3. A fault detection and health management method of a multiprocessor computer as claimed in claim 1 or 2, characterized in that: in the step (1), the DSP-Q6713J/500 chip comprises 4 independent EMIF buses, a heartbeat register is expanded by utilizing FPGA resources through the EMIF buses, each independent core maintains the heartbeat register after the system is powered on and runs, maintenance results are stored in the corresponding computing unit, the heartbeat of each core is detected by the main control unit, and when the heartbeat of other units is abnormal, the corresponding fault code is sent to the system control unit through the buses, so that fault monitoring of the multi-core processor functional circuit is realized.

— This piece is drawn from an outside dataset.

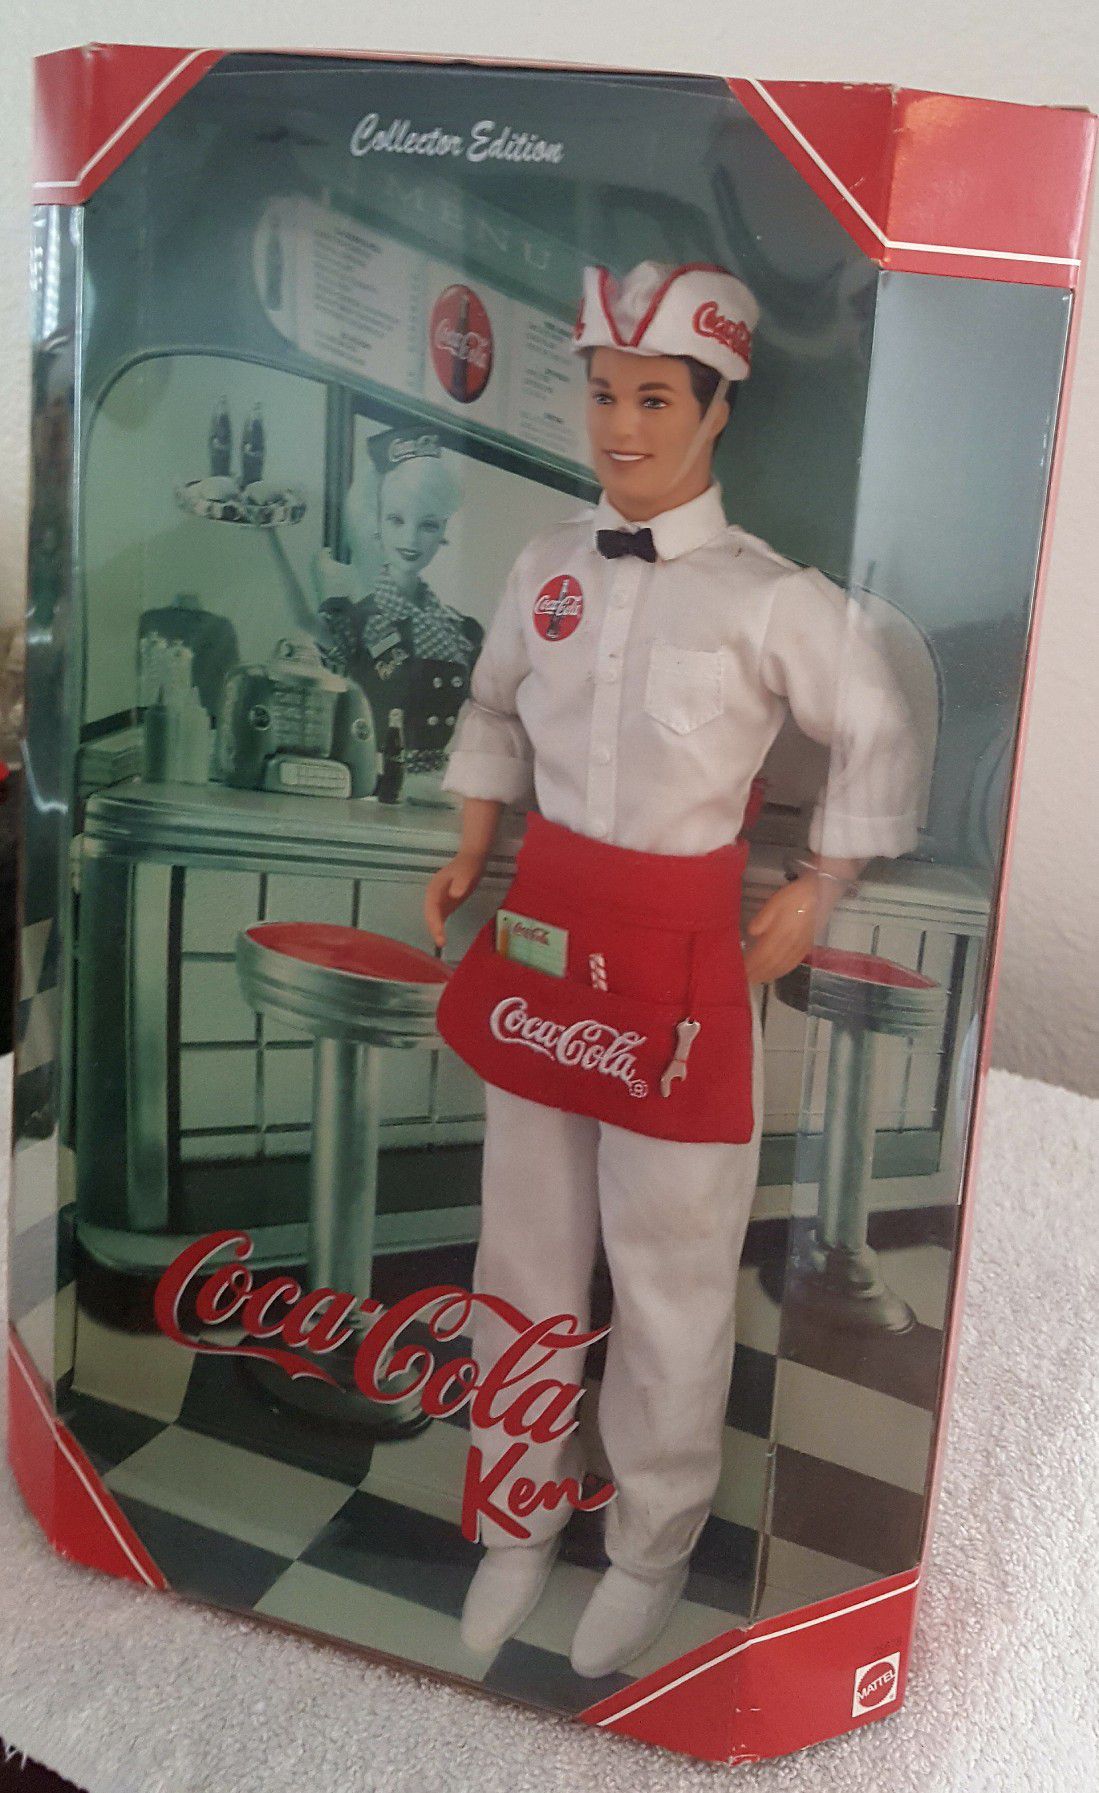 NEW Coca-Cola Soda Jerk Ken Barbie Collector Doll Collector Edition

4. A method of fault detection and health management for a multiprocessor computer as claimed in claim 1, wherein: and the step (2) is used for realizing quantitative test of the complex secondary power supply network, and judging the working state trend of the secondary power supply through data acquisition and data analysis so as to estimate the health of the secondary power supply.

5. A fault detection and health management method of a multiprocessor computer as claimed in claim 1 or 4, characterized in that: specifically, the step (2) is to perform a full-edge scanning test within a voltage range, design a voltage conditioning and a cross switch in an output network, obtain the amplitude state of the secondary power supply through high-speed A/D sampling, observe the change condition of the secondary power supply output through a statistical value, and monitor the secondary power supply output voltage through long-time data sampling and analysis because the performance degradation of the secondary power supply is gradual change until failure.

6. A method of fault detection and health management for a multiprocessor computer as claimed in claim 1, wherein: and (3) acquiring the environmental parameters of the system by adopting a high-precision sensor, and acquiring, filtering and estimating by using an environmental sensor so as to judge the reliability of the operating working environment of the system.

7. A method of fault detection and health management for a multiprocessor computer as claimed in claim 1, wherein: in the step (4), the detection of the high-speed 1553B bus is performed by adopting an offline mode for communication detection.

8. A method of fault detection and health management for a multiprocessor computer as claimed in claim 7, wherein: the specific method for carrying out communication detection in the off-line mode comprises the steps that the instructions are used as RT in a system, control and test instructions are sent out by a BC of the system, corresponding vector word command tests and data tests are respectively carried out on A, B channels of a 1553B bus in a power-on BIT of a high-speed 1553B bus, after A, B bus channel switching tests are passed, the power-on BIT of the system is calculated to be passed, and it is guaranteed that two redundant channels are subjected to coverage tests in the power-on BIT.